BY: SARAH HAN, CECILIA LEYVA | @sarahyhan
Despite a $299 million state budget cut, the California State University (CSU) system is expecting minimal impact on its financial standing on account of its reserve fund, according to CSU Chancellor Timothy P. White. Nonetheless, CSU campuses — including Cal Poly Pomona — are expected to weather layoffs, staff reductions and an ongoing hiring slowdown.
White, speaking during an Aug. 19 virtual town hall meeting, stated that the CSU began building a reserve following the 2008 financial crisis, positioning the university system to minimize the economic impacts of the COVID-19 pandemic. Still, layoffs and pay cuts are anticipated and “not just a problem for this fall,” White added.
“This is at least a three-year issue, but we’re going into the first year reasonably well-prepared financially,” White said. “Between cost-cutting measures, the building of a reserve designed for a rainy day — and it’s raining now — coupled with a strong financial position going into this three-year period, we want to keep as many financial tools as we can for the next year and the year after in order to get through this three-year economic issue.”
According to Associate Vice President for Finance and Administrative Services Joe Simoneschi, CPP is prepared for the long-term effects of the pandemic.

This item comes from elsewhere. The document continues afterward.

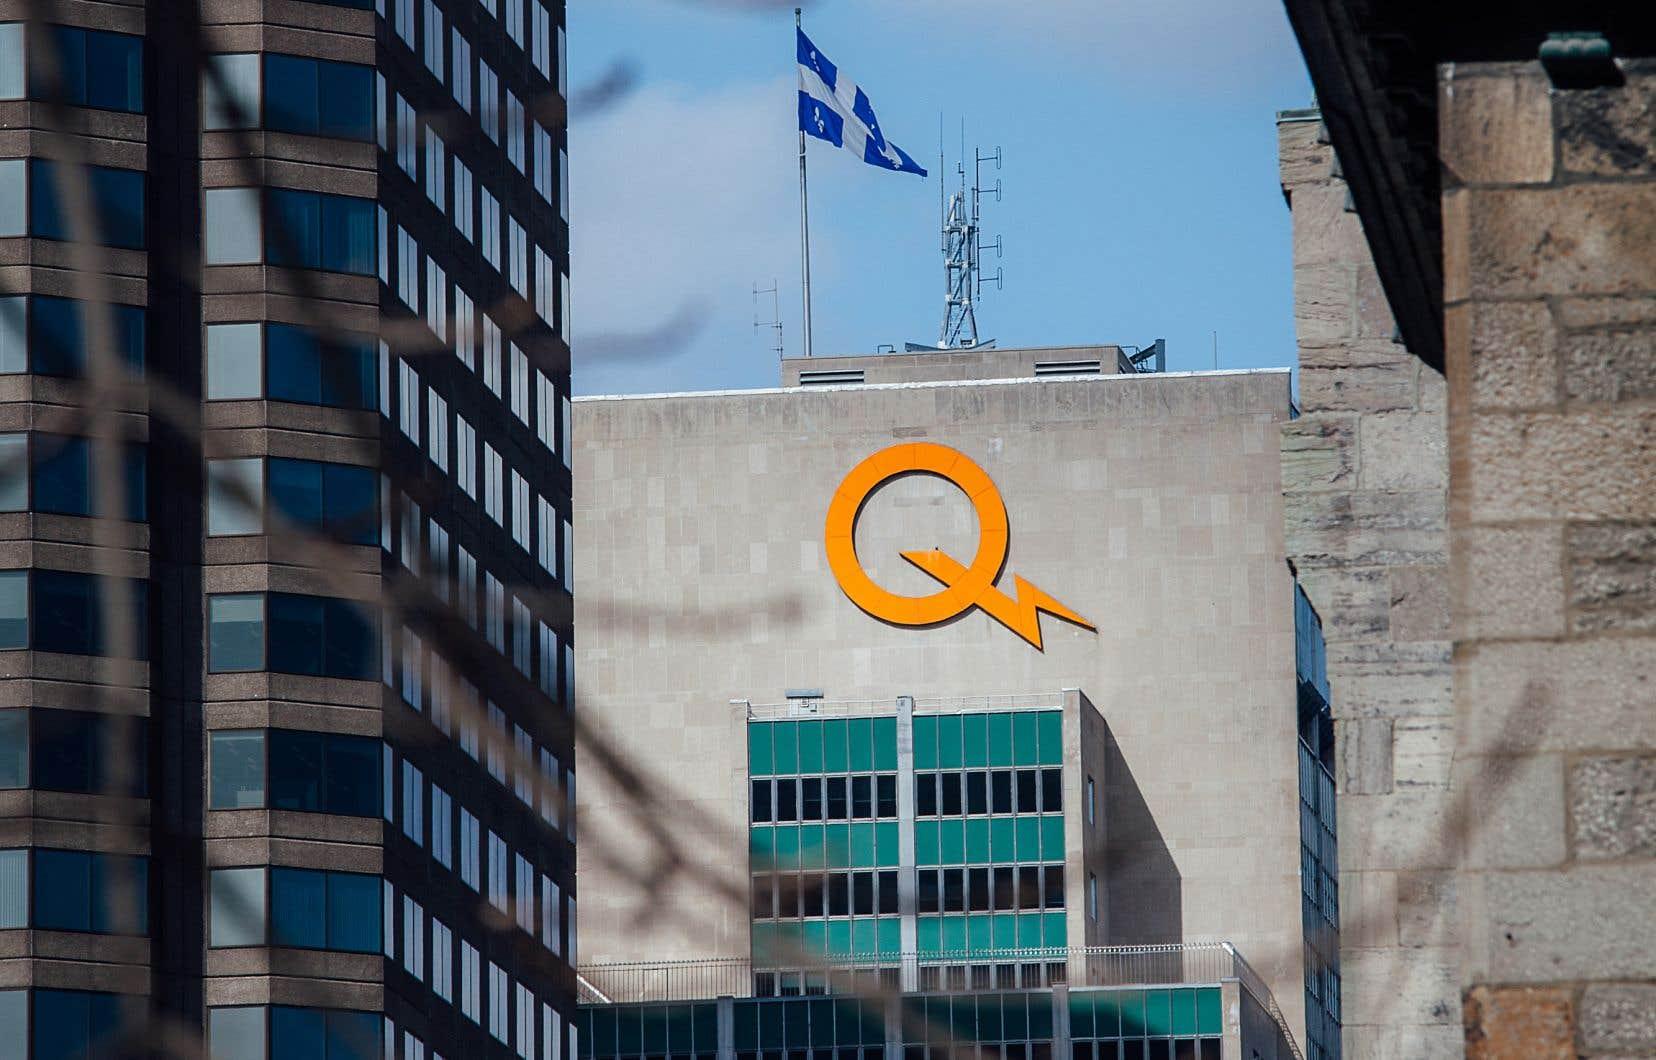 Hydro-Québec partage la première place du rapport avec la Caisse de dépôt du Québec, les deux sociétés d'État recevant une note globale de 82%.
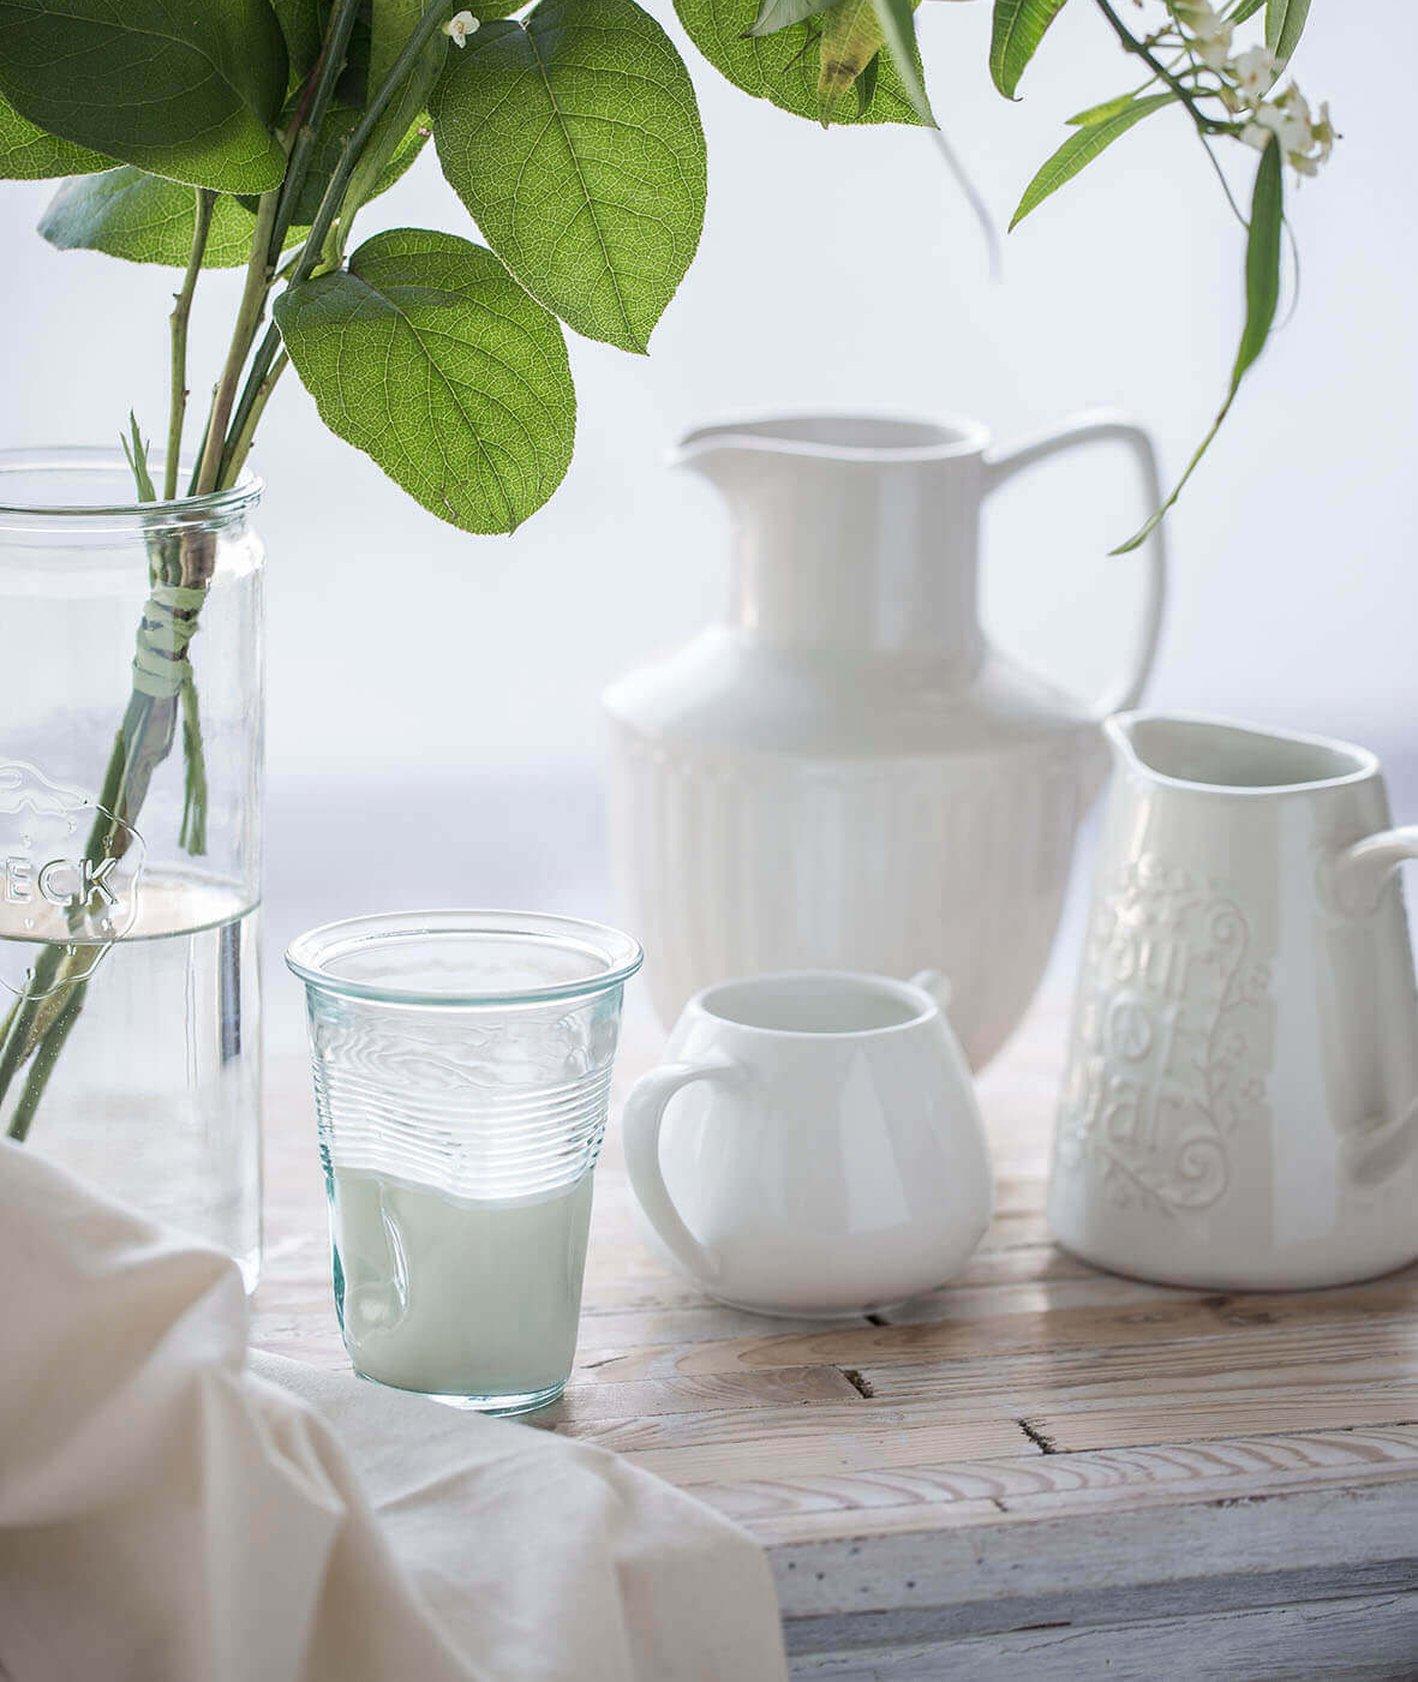 mleko roślinne, domowe mleko roślinne, kuchnia roślinna, dieta wegańska, Marta Dymek, Jadłonomia, jak zrobić mleko roślinne, przepis Jadłonomia

“One of the very first things President Coley accomplished after she arrived, was to change the method by which we approach budgeting from an incremental to a multi-year approach,” Simoneschi said. “Mindful of this new process, our first approach is to review the current year impact and immediately pivot to the next two to three years. This allows us to be continuously mindful of how to approach both short-term annual effects of the pandemic and the important phase of planning for economic recovery.”
According to Simoneschi, CPP remains in a strong fiscal position, considering the budget reductions and anticipated revenue losses. The university is currently using its reserves to offset reductions to the operation divisions. “Without the offset, the reductions to the divisions would be larger than currently planned,” Simoneschi said.
The decrease in revenue, however, has resulted in reductions to non-state auxiliaries — including layoffs, furloughs and compensation reductions within the CPP Foundation and Associated Students, Inc. Aside from these impacts to non-state auxiliaries, there have not been any further effects in employment or compensation, according to Simoneschi.
Campus employees, however, are anticipating potential pay cuts. A source, who spoke on the condition of anonymity, revealed that some union employees have been told to “prepare to take a pay cut of 20%” by reducing one day from their usual five-day workweek. In a July 20 letter addressed to faculty and staff, White also noted that furloughs are “most likely be necessary” for the 2021-2022 academic year.
Despite the university’s efforts to maintain financial stability, layoffs and furloughs remain a concern for faculty and staff. Nicholas Von Glahn, chapter president for the California Faculty Association at CPP, described the potentials of layoffs and furloughs as “unnecessary and premature.”
Hector Maciel, president of the CPP staff union, shared similar opinions as he explained the need to take further action in protecting the employment status of the staff. “I think we need to look at the reserves and make sure that we can exhaust them as much as possible before we start talking about layoffs,” Maciel said.
Like staff and faculty, nearly all CPP Foundation employees were impacted by the pandemic in some way, said Nora Fernandez, a senior human resources generalist. The organization, however, is looking for new, innovative ways to overcome the challenge in hopes of “emerging from this unique situation stronger than ever,” she said.
The foundation plans to rehire students and staff when campus operations reopen. With more customers visiting the Bronco Bookstore, Farm Store, CenterPointe dining hall, Vista Market and Innovation Brew Works, some student rehiring has already begun, Fernandez added.